Recorded information: Begin
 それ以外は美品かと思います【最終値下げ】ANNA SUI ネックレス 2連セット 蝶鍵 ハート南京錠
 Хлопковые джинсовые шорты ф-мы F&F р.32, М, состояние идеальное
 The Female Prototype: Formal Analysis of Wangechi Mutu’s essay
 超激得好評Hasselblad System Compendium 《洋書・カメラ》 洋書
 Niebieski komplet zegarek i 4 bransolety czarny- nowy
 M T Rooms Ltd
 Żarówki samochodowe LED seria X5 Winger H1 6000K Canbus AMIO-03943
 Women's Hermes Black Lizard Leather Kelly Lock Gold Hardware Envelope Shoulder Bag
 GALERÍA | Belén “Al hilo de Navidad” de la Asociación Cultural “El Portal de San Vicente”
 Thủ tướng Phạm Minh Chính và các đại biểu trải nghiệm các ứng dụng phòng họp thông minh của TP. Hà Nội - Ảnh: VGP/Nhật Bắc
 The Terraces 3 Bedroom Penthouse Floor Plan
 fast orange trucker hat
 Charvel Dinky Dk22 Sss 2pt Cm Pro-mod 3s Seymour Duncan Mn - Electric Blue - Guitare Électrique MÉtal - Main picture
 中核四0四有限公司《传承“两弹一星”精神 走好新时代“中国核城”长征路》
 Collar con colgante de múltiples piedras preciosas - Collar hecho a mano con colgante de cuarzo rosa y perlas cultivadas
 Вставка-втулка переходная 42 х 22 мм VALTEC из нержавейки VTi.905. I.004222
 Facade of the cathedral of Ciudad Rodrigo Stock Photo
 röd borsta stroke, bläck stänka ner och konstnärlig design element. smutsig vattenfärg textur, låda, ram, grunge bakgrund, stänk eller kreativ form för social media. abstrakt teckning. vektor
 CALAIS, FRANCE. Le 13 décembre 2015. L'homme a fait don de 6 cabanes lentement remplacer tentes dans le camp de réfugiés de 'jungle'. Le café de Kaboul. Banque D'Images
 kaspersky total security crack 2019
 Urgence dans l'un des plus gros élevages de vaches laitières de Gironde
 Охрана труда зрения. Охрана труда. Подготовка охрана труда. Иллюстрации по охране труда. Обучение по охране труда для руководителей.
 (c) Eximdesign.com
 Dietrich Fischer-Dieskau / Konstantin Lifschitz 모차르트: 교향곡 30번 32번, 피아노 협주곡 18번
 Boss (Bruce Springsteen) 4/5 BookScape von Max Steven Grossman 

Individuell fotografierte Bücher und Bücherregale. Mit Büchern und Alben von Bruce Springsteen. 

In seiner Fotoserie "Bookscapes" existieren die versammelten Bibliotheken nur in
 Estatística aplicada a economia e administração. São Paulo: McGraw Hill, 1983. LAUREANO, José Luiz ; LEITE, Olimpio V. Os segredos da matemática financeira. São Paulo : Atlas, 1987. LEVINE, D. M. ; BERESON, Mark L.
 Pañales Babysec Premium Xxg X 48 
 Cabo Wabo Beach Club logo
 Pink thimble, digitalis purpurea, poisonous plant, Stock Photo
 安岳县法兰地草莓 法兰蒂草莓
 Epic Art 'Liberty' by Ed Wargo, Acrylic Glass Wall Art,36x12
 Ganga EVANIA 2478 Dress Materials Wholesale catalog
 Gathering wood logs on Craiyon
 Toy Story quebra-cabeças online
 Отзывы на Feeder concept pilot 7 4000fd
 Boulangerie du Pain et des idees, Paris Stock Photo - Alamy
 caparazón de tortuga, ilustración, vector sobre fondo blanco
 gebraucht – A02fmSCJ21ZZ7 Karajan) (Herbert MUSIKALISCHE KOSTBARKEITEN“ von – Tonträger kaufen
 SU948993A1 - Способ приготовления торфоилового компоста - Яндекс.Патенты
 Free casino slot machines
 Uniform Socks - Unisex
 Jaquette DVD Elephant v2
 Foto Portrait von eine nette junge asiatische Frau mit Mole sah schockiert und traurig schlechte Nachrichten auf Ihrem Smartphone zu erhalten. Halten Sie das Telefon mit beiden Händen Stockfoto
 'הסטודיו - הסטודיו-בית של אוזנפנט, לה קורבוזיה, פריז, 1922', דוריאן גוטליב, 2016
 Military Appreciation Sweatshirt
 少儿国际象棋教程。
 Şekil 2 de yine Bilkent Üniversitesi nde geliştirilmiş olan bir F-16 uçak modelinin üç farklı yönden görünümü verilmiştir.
Recorded information: End
• Problem to work on:
Copy out precisely the lines from the line with "Dietrich Fischer-Dieskau /" to the line with "Отзывы на Feeder concept pilot 7 4000fd" in the material above, including those two lines and omitting all the rest.

• Answer to this problem:
 Dietrich Fischer-Dieskau / Konstantin Lifschitz 모차르트: 교향곡 30번 32번, 피아노 협주곡 18번
 Boss (Bruce Springsteen) 4/5 BookScape von Max Steven Grossman 

Individuell fotografierte Bücher und Bücherregale. Mit Büchern und Alben von Bruce Springsteen. 

In seiner Fotoserie "Bookscapes" existieren die versammelten Bibliotheken nur in
 Estatística aplicada a economia e administração. São Paulo: McGraw Hill, 1983. LAUREANO, José Luiz ; LEITE, Olimpio V. Os segredos da matemática financeira. São Paulo : Atlas, 1987. LEVINE, D. M. ; BERESON, Mark L.
 Pañales Babysec Premium Xxg X 48 
 Cabo Wabo Beach Club logo
 Pink thimble, digitalis purpurea, poisonous plant, Stock Photo
 安岳县法兰地草莓 法兰蒂草莓
 Epic Art 'Liberty' by Ed Wargo, Acrylic Glass Wall Art,36x12
 Ganga EVANIA 2478 Dress Materials Wholesale catalog
 Gathering wood logs on Craiyon
 Toy Story quebra-cabeças online
 Отзывы на Feeder concept pilot 7 4000fd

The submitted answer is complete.